Stored records:
--- START ---

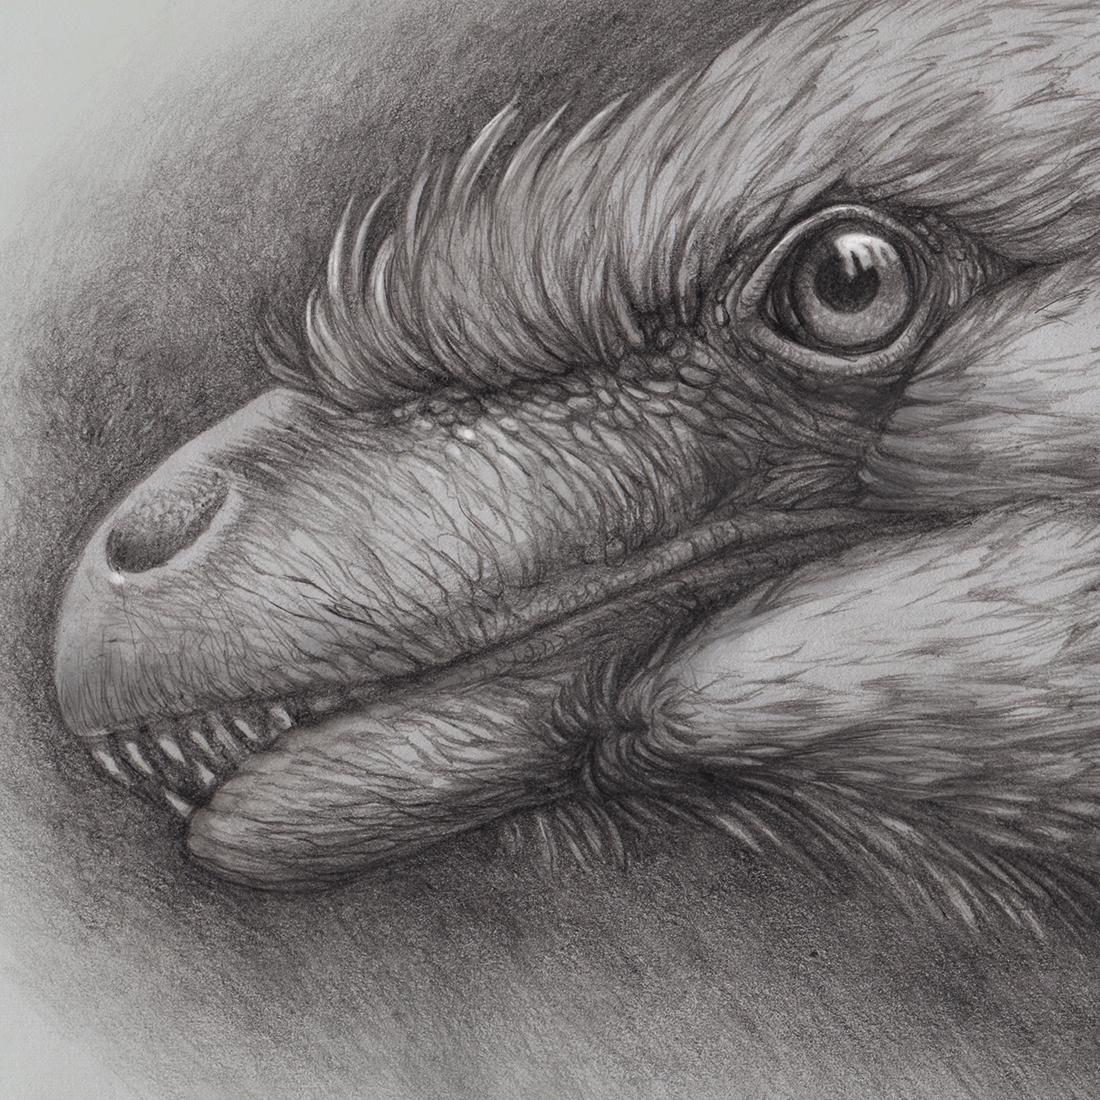 Utahraptor portrait
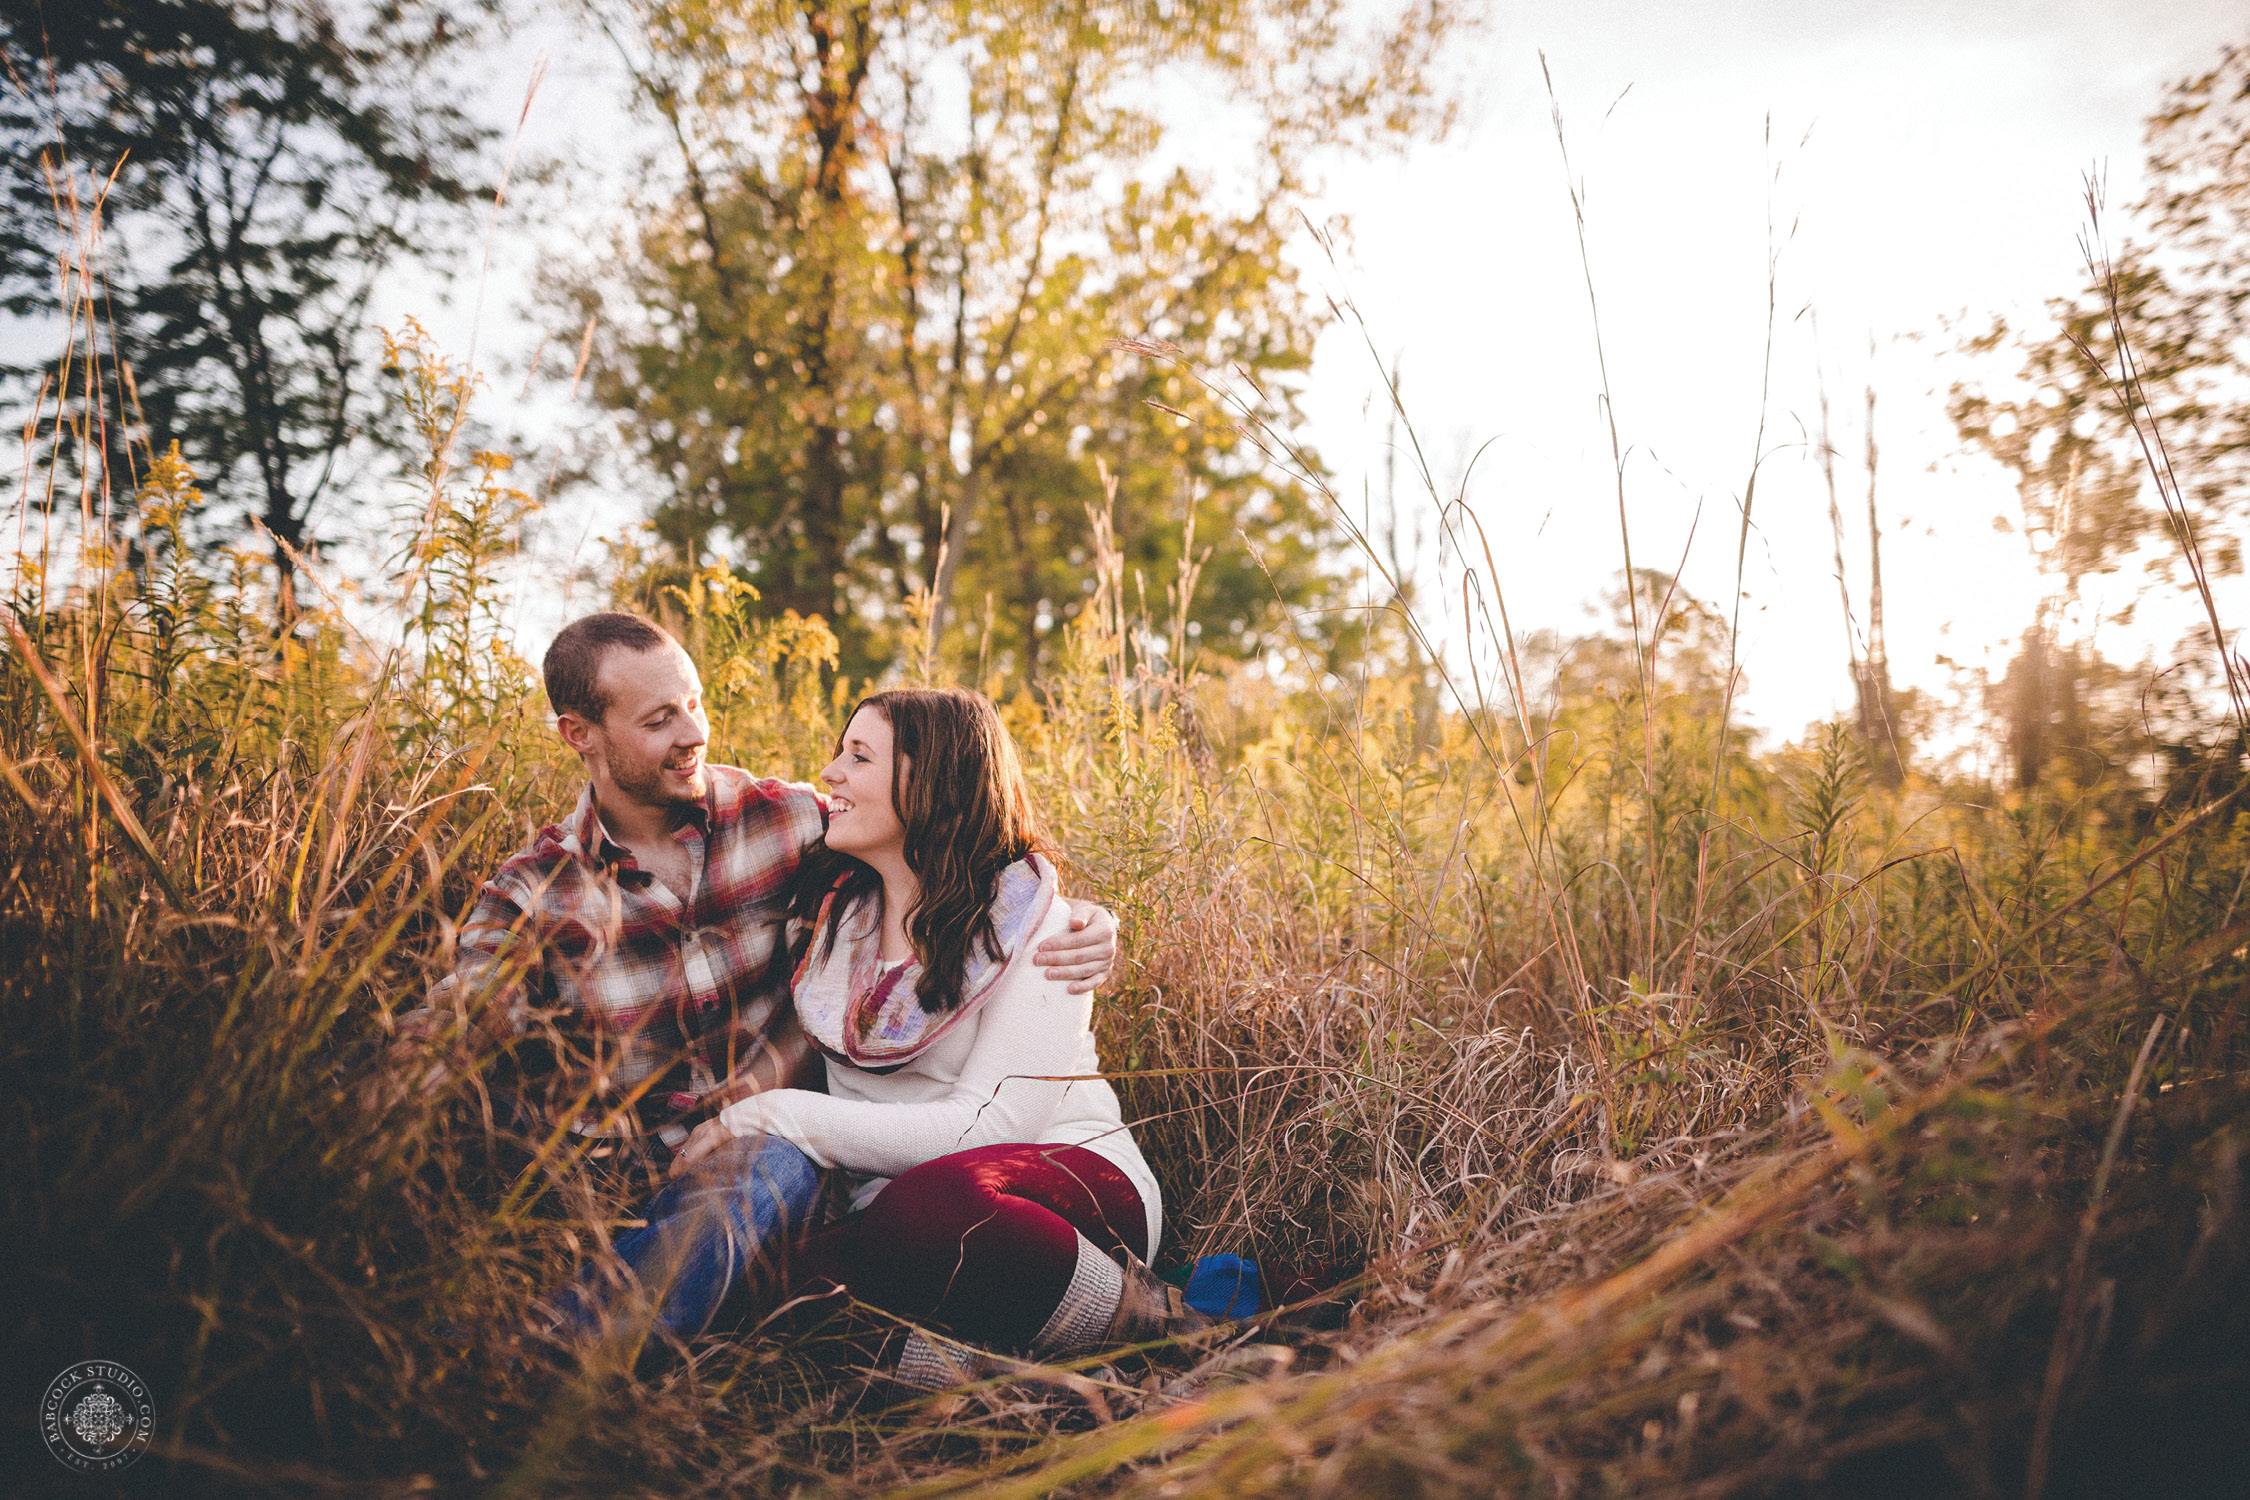 kristen-tom-engagement-photographer-dayton-ohio-fb-5.jpg
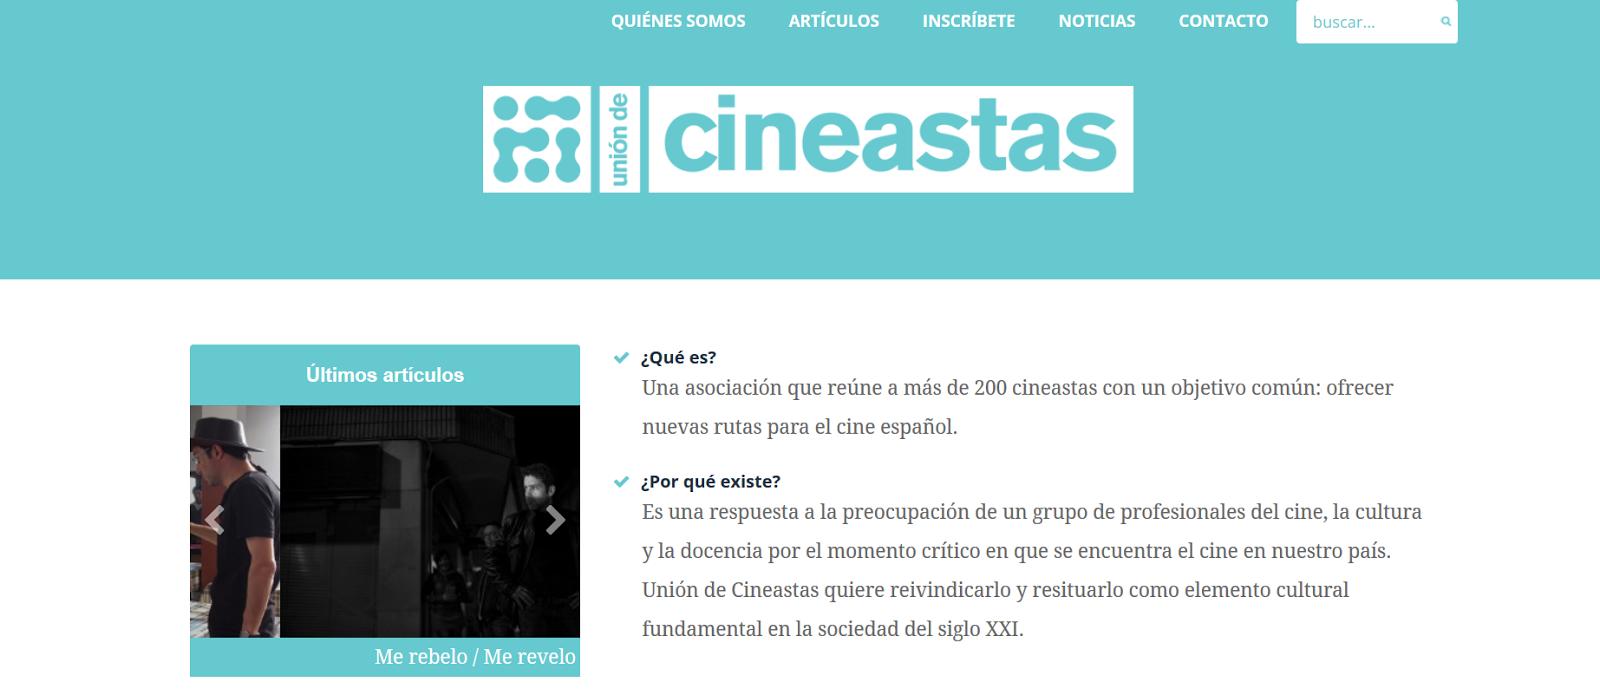 http://uniondecineastas.es/
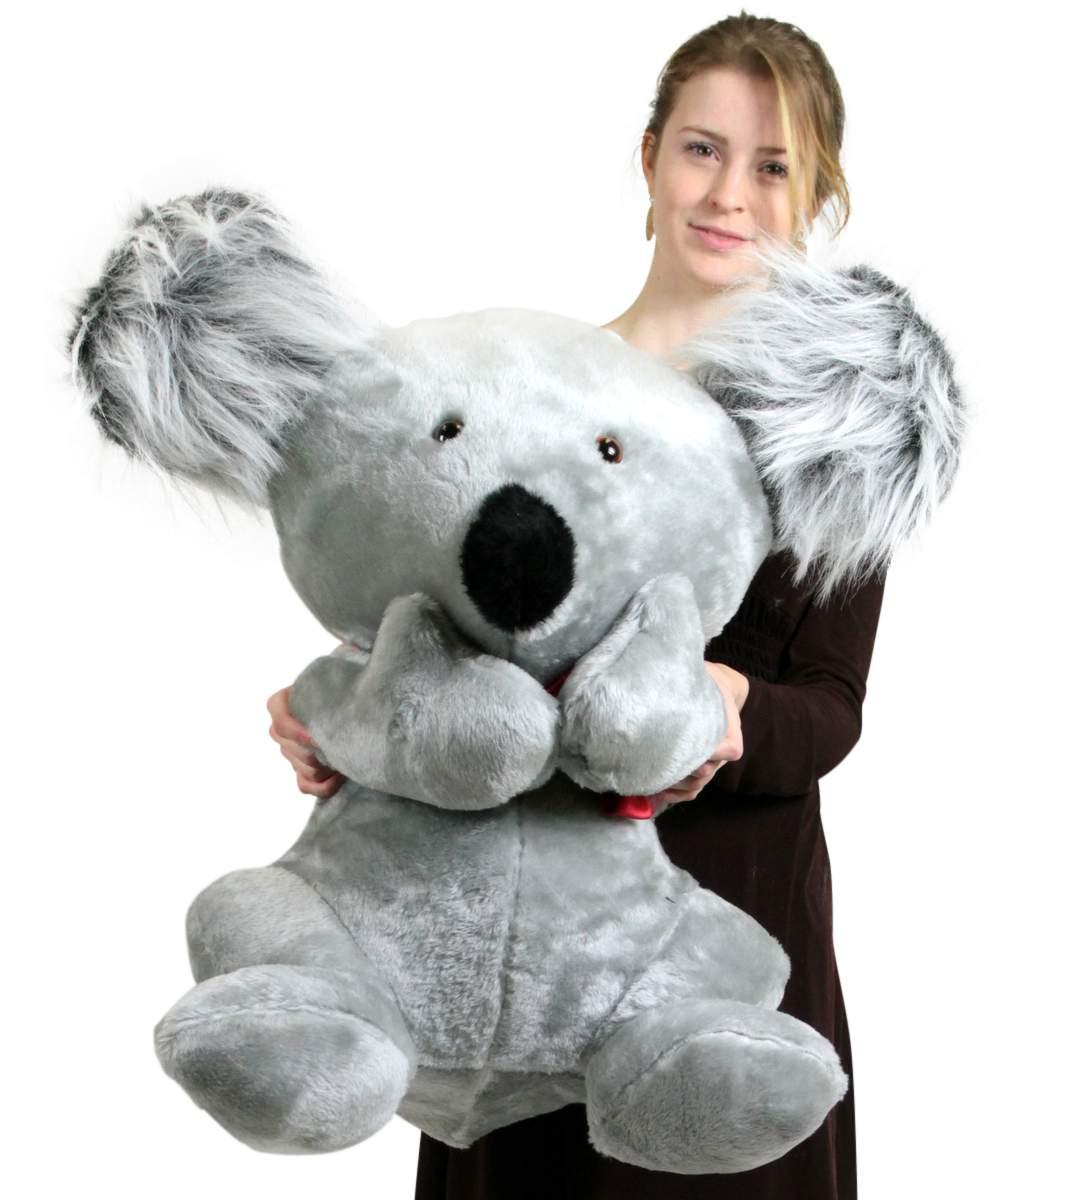 American Made Large Stuffed Koala Bear 26 Inches Soft Big Plush
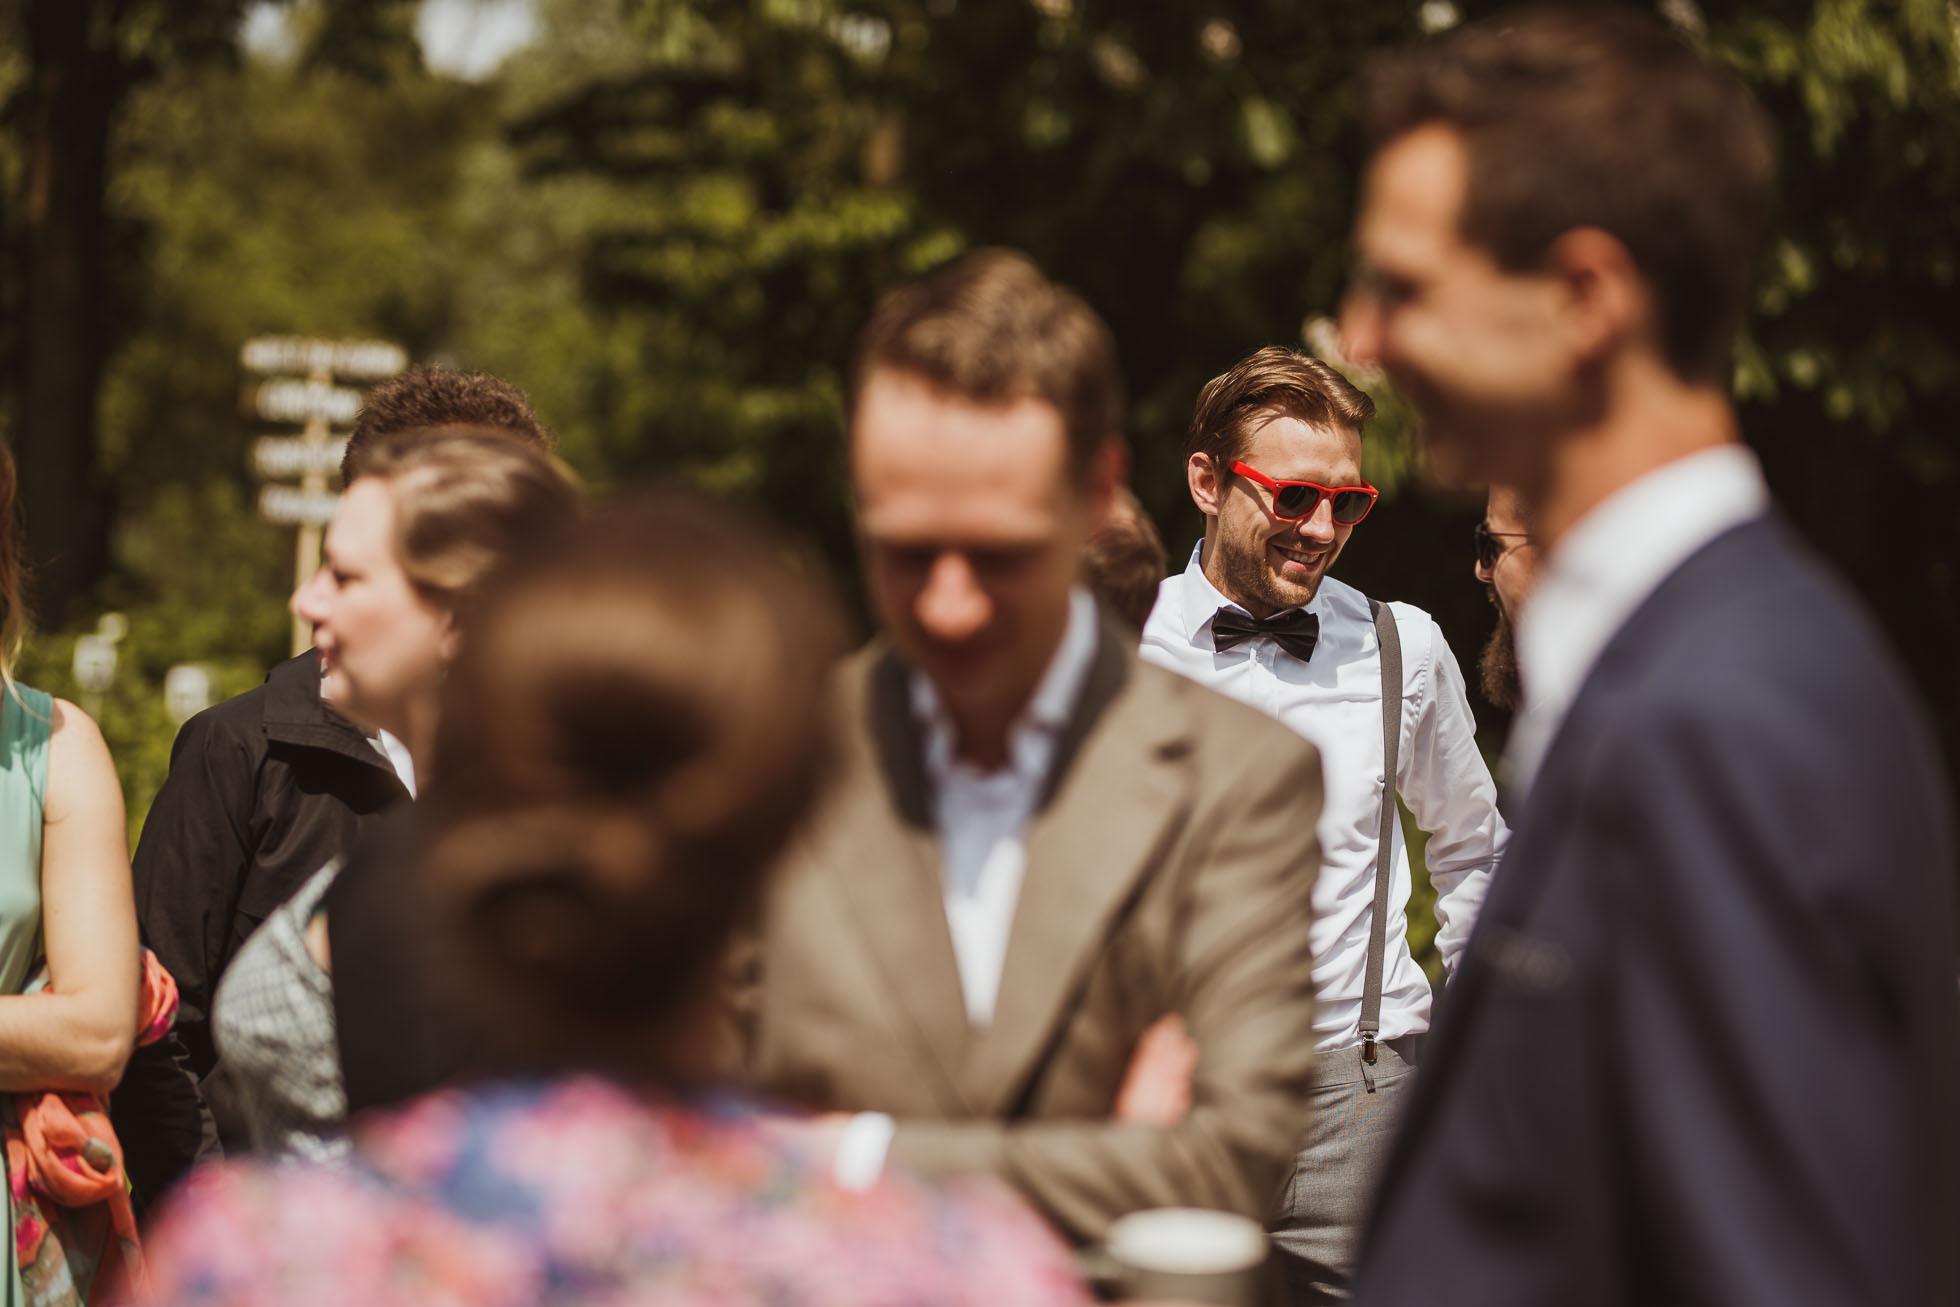 utrecht-wedding-photographer-61.jpg

--- END ---

• **Exercise objective**
Without the pictures, transcribe exactly the lines above from the one containing "American Made Large" through the last.

• **Task output**
 American Made Large Stuffed Koala Bear 26 Inches Soft Big Plush
 utrecht-wedding-photographer-61.jpg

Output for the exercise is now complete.